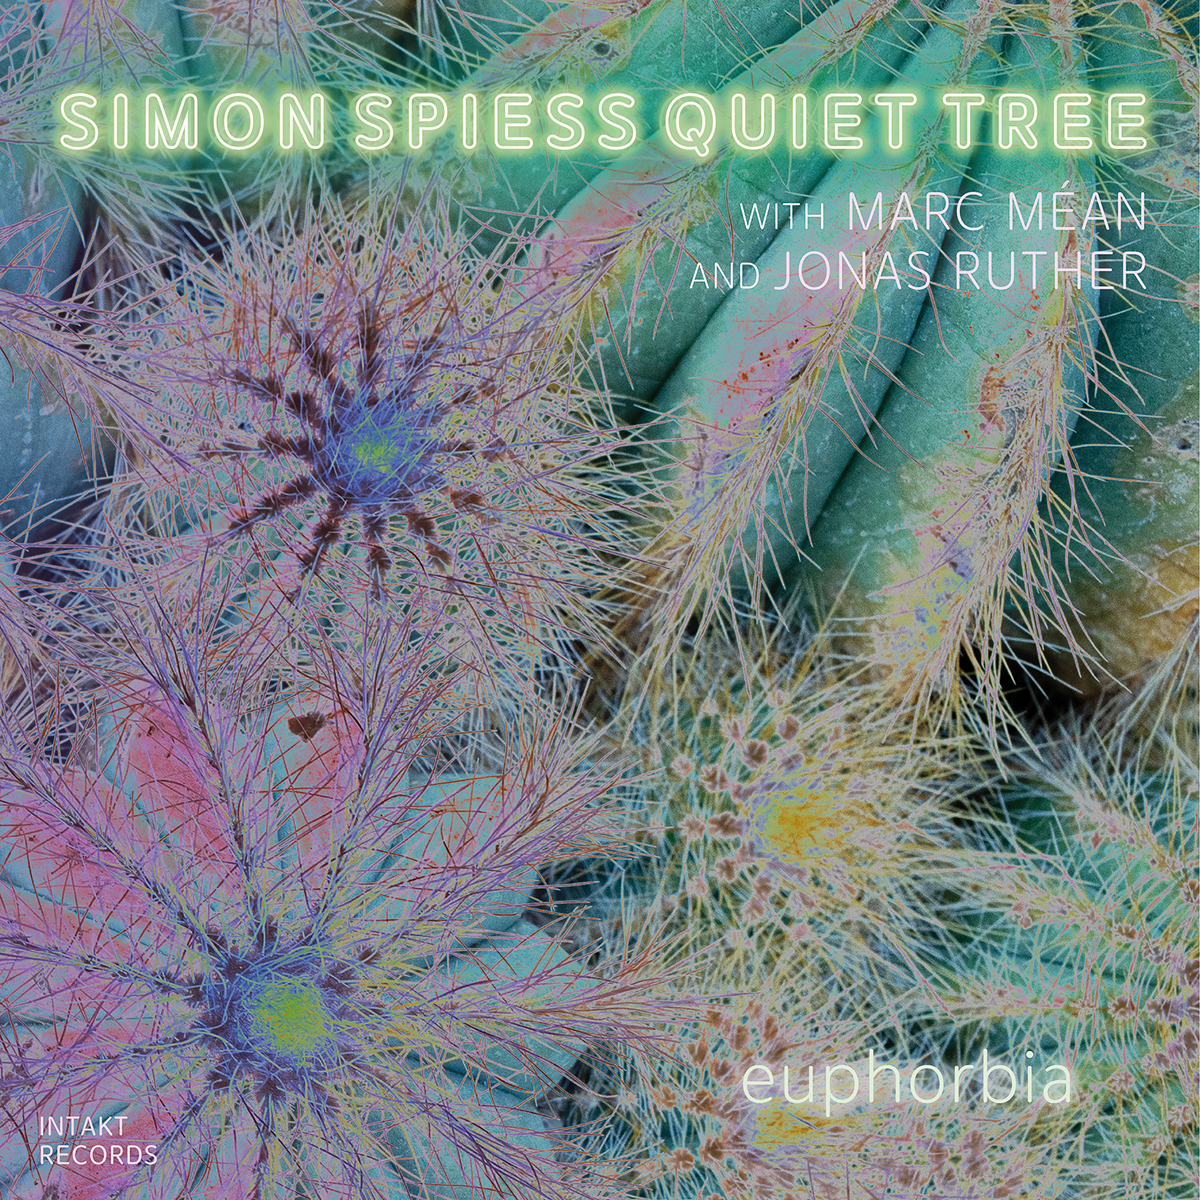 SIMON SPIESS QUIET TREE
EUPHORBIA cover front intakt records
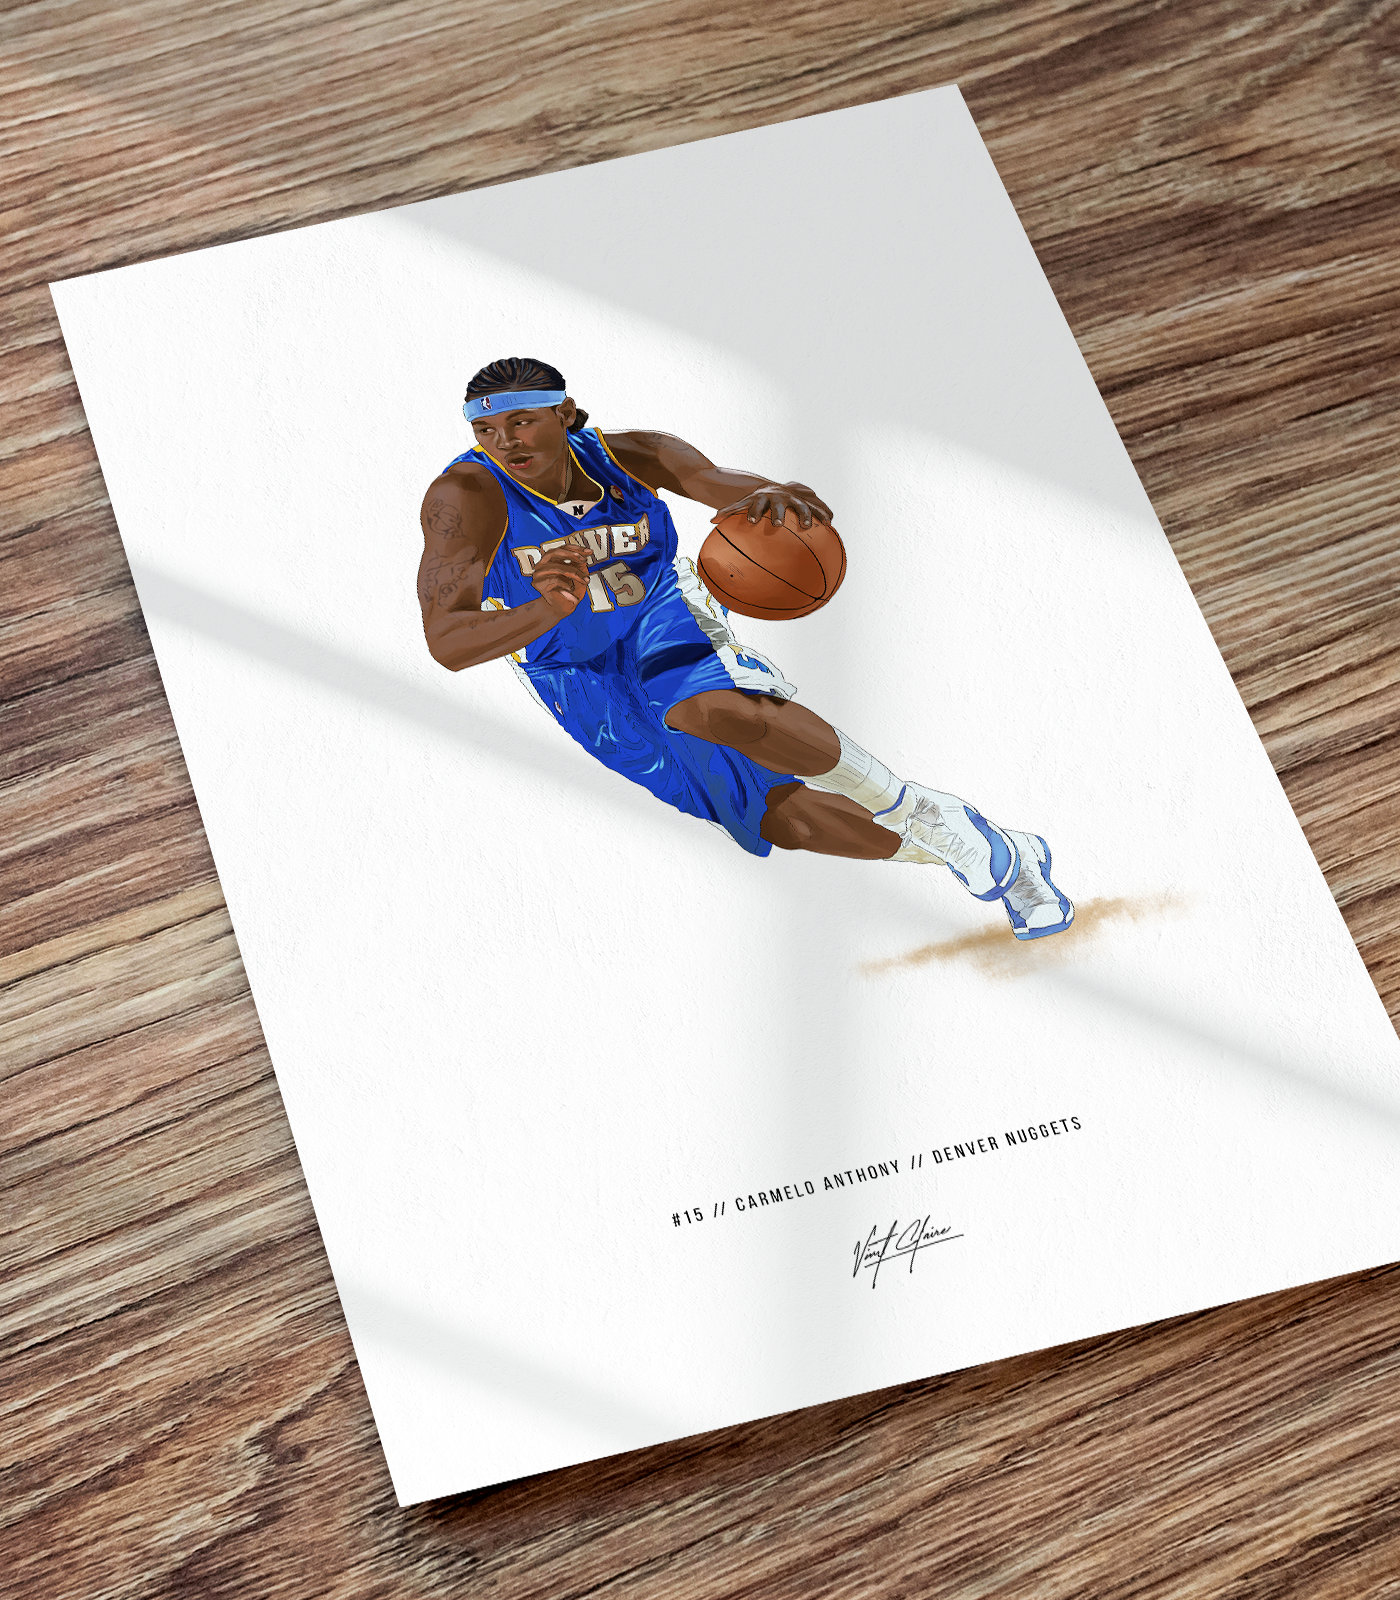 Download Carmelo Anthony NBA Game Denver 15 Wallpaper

...

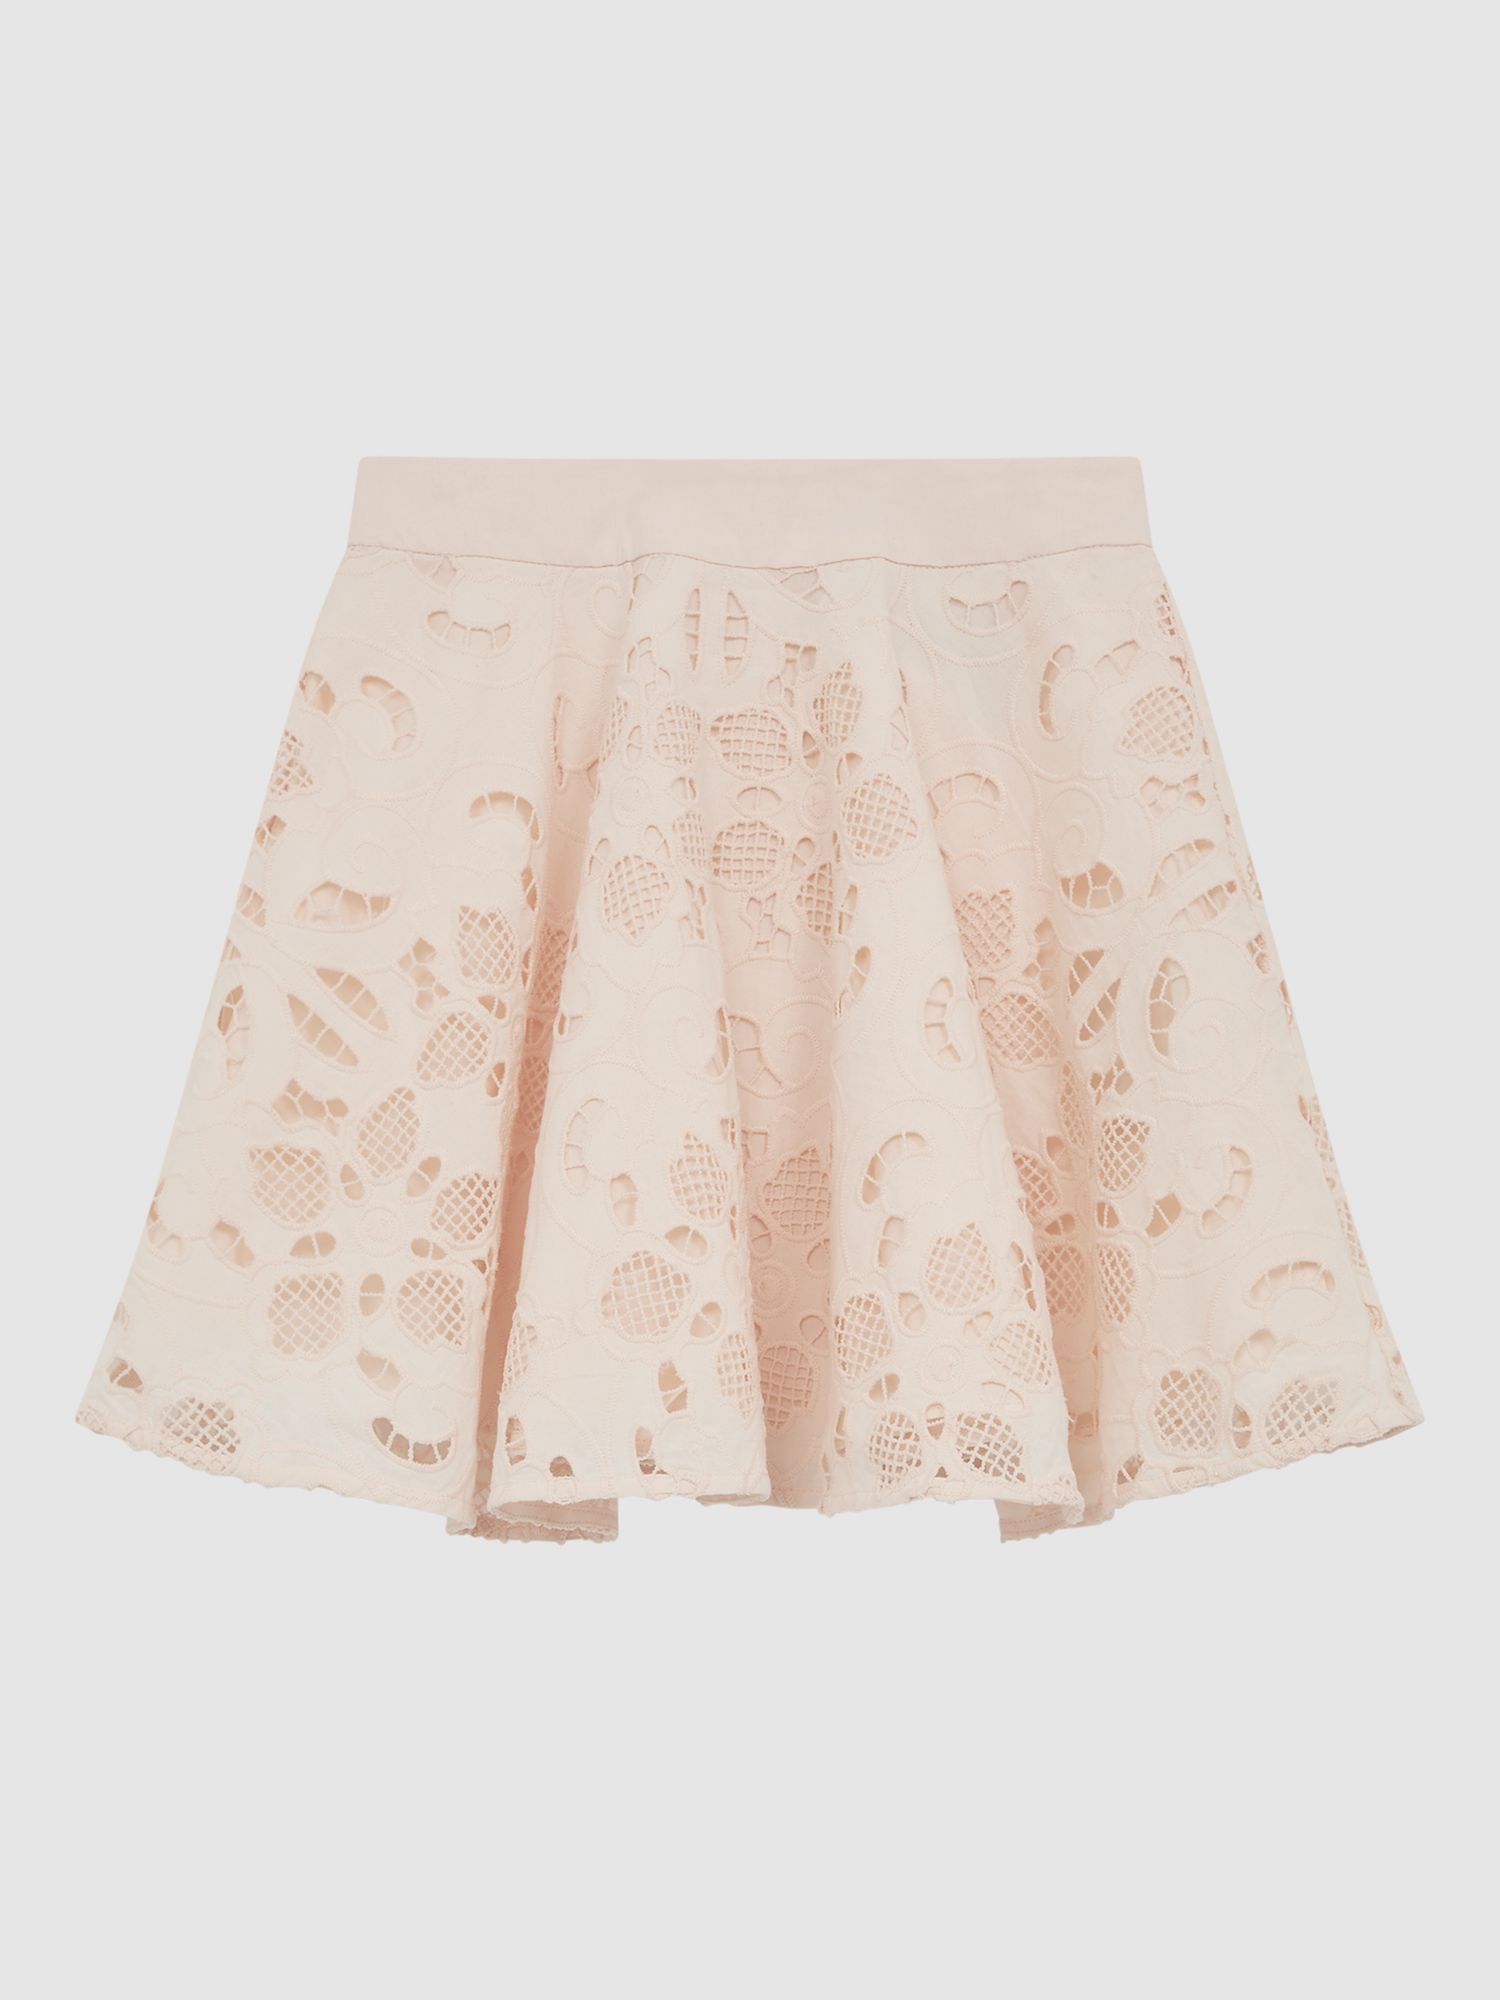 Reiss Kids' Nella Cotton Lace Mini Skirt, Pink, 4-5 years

● PROBLEM REQUIREMENTS
Your answer must be the lines above from the one holding "SIMON SPIESS QUIET TREE" up to and including the one holding "Download Carmelo Anthony", exact and with no pictures.

● RESULT
 SIMON SPIESS QUIET TREE
EUPHORBIA cover front intakt records
 Download Carmelo Anthony NBA Game Denver 15 Wallpaper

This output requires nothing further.